Andrew finds forests, beaches, colonial buildings and high rises in Puerto Rico. The culture and the cuisine of the culture is based on a mixture of Spanish, Taino and African influences, and at the La Bombonera, the oldest coffee shop in the area, he meets Chef Maira Isabel Morales for a meal which includes Majorca (Spanish pastries) and cocas, a type of pizza with vegetables and sardines. At the Piaza de Marketos, the largest local market, Andrew is introduced to the algarroba fruit, maui drink made from tree bark and corazon, which Andrew calls really bad. He also discovers star apples or caimetos.
On the Pork Highway, Andrew reaches Cavey who specializes in pork. El Rancho Original is a lechonero (a pork restaurant), which serves slow roasted pork. All the parts of the pig are served and Andrew raves on the tail to the ear to the toe and nose. The dinner is followed by a festival, but Andrew and Maira are soon off to a mountain top restaurant so inaccessible that it doesn't have a name or appear on tours. The location is favored for its pork and rabbit. Maira never eats the rabbit, but Andrew coaxes her into it.
Andrew is then off to Arecibo and snack shacks called kioskos. He visits the El Nuevo Guyabo, the only place for ceti, a tiny transparent fish made into empanada sandwiches. It's then off to the mountain city of Lares for ice cream served with beer, meat, chicken, sesame seeds, bacalao (codfish), rice, beans and corn. At the Heliadara Lares in the beach city of Pinoes, Andrew finds more food kiosks for mofongo or fried foods made with meat, seafood and vegetables from Africa.
Raymond Sepulveda, a local guide, takes Andrew through the Toro Negro Forest Preserve for a look at the plants and items of the forest. He invites Andrew to a dip in a sacred pond under a waterfall and then it's off to the Morales Family Farm for dinner. Dinner consists of guinea fowl meat in a stew and morcilla, homemade blood sausage. Another dish consists of gandinga, braised stew from the throwaway parts of the pig deep-fried.

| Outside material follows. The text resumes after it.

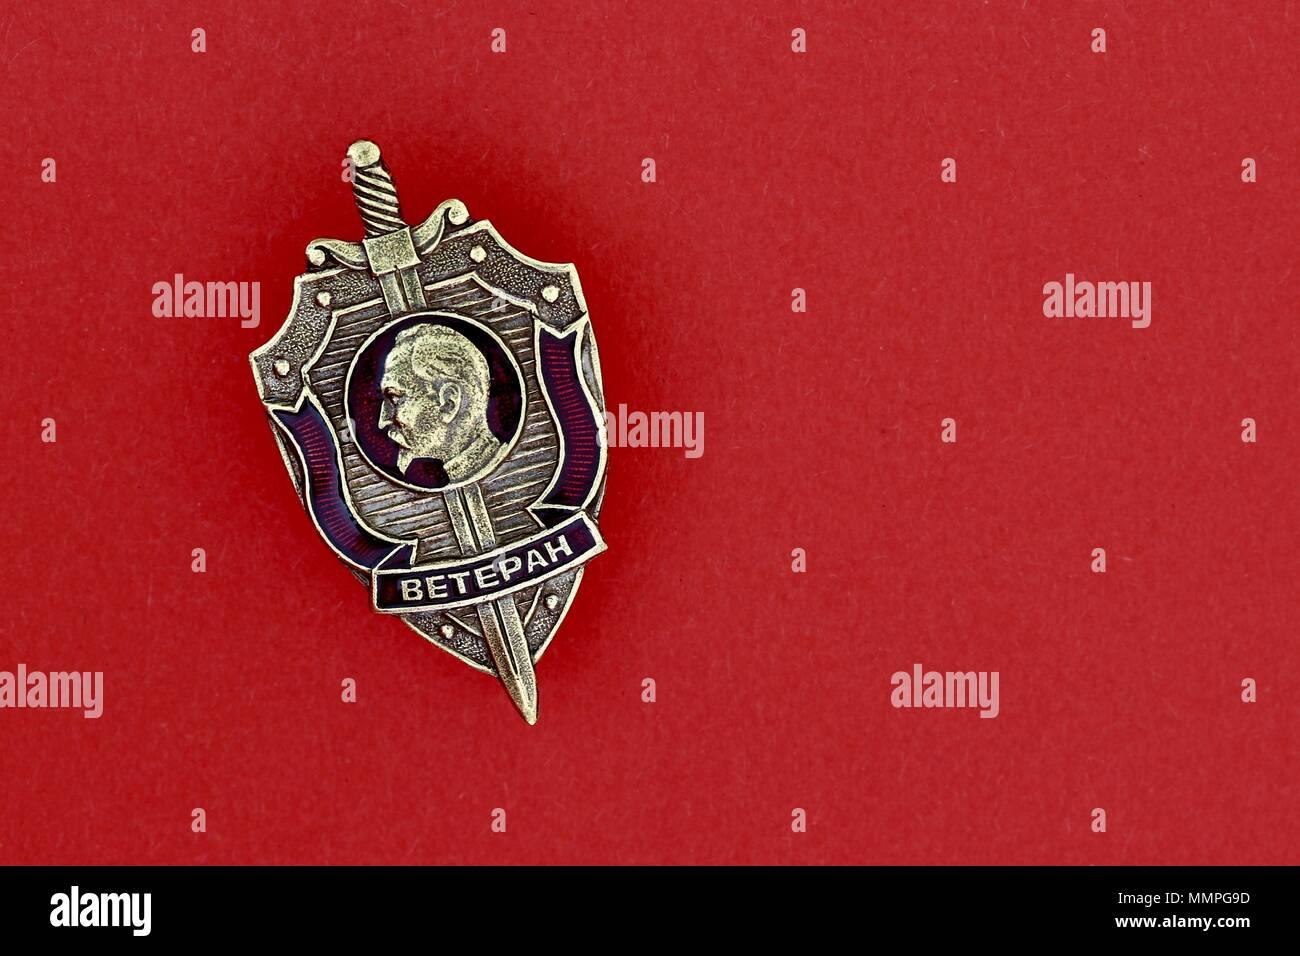 Close up of a Soviet KGB USSR Russian veteran medal. Profile of Felix Dzerzhinsky. Brass metal and enamel badge. Red background. - Stock Image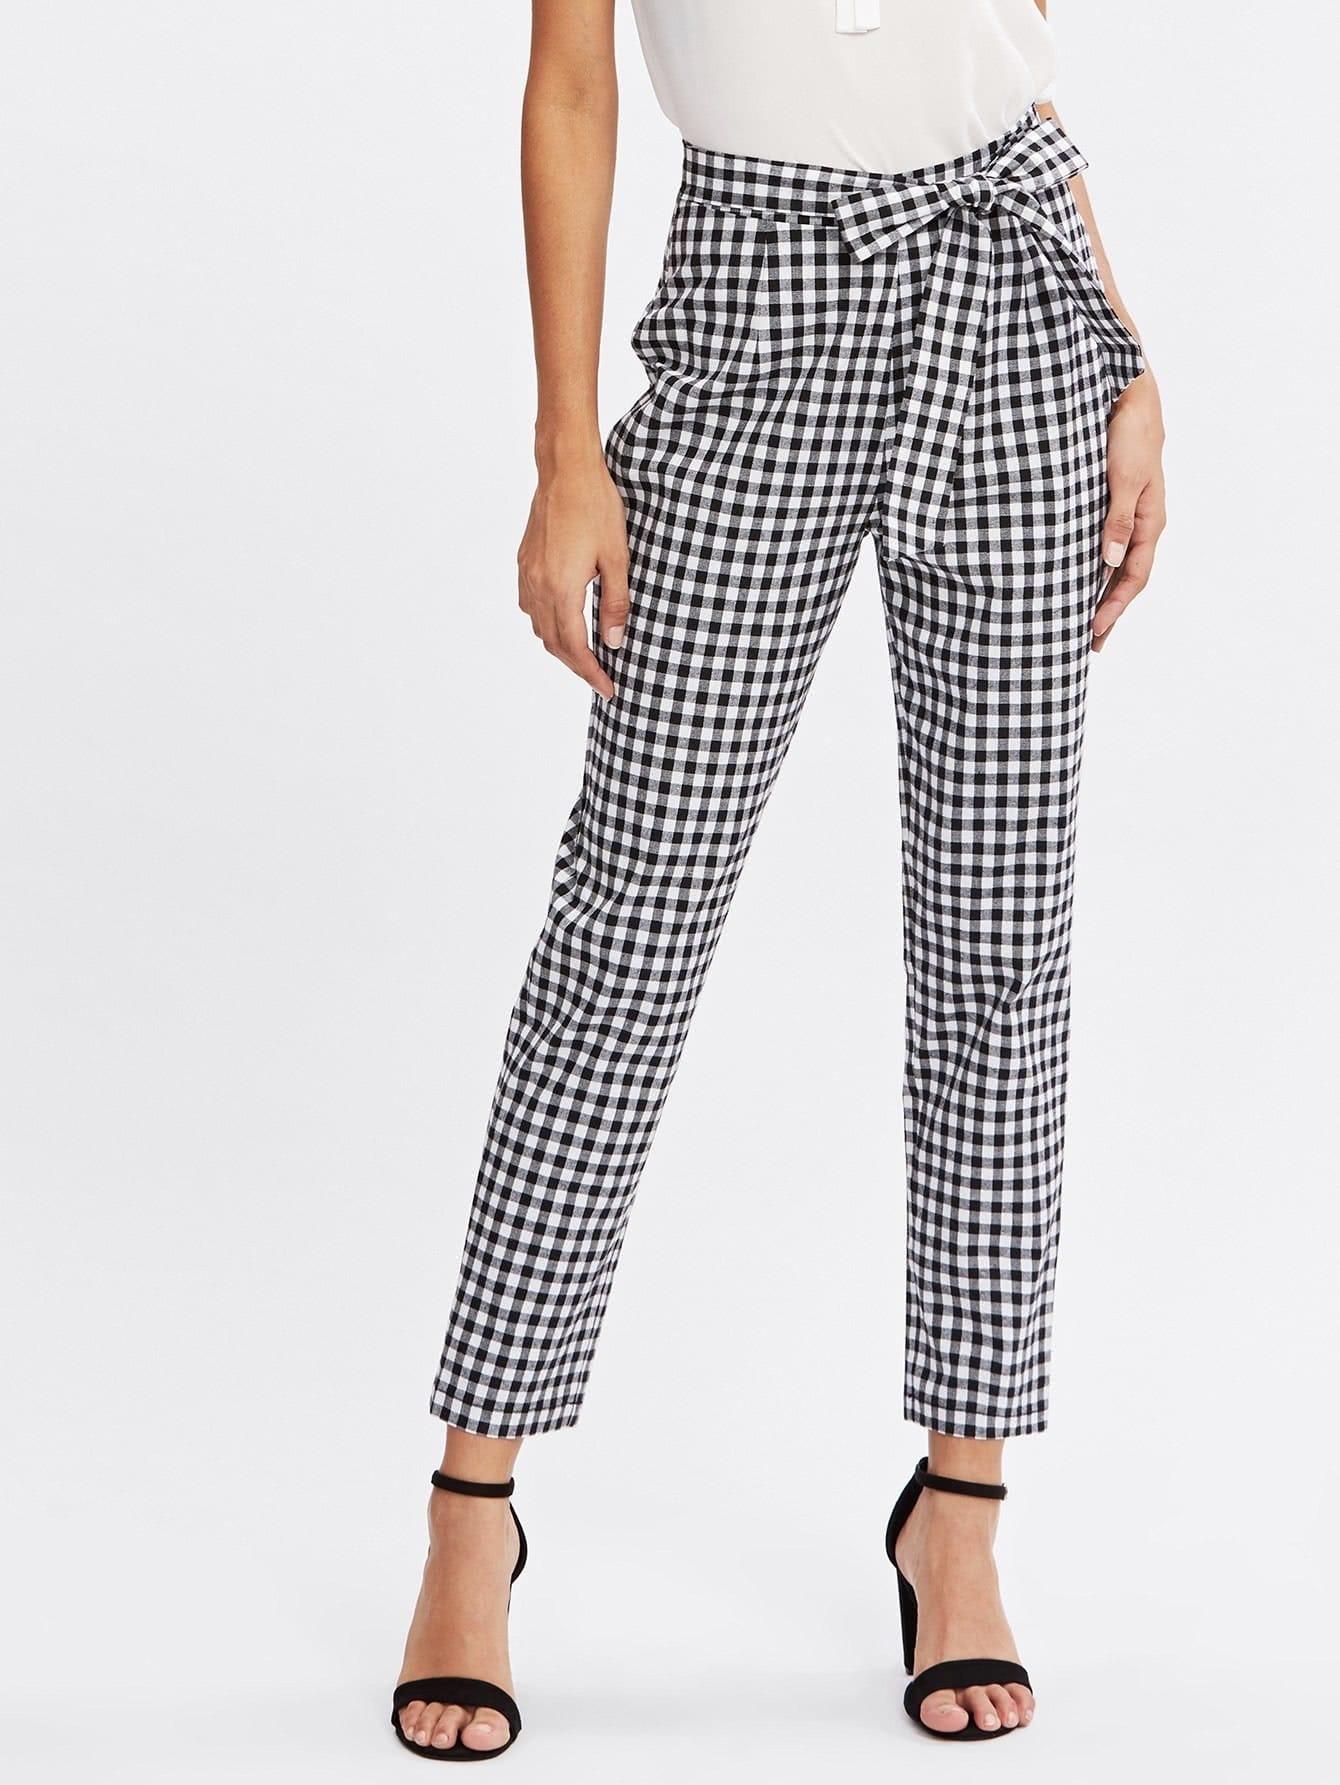 Checkered Bow Tie Waist Smoking Pants dark grey tie waist sports pants

In San Juan, the oldest settlement on the island, structures date back to Spanish occupation, but Andrew seeks out Wilo Benet, the chef of the Pilayago Restaurant. With Jose Alvarea, a segway guide, they have a dinner of tripleto, a three-meat dinner of ham, chicken and beef at a street shop so good that Andrew raves over it.
At the Pikayo Restaurant within a local museum, Wilo explains to Andrew her method for modern takes in restoring old dishes. She makes sofrio with the meat off pig's feet and in a stew with vegetables. Andrew raves about the dish, closing the show with a review on Puerto Rico and the fine dining it provides.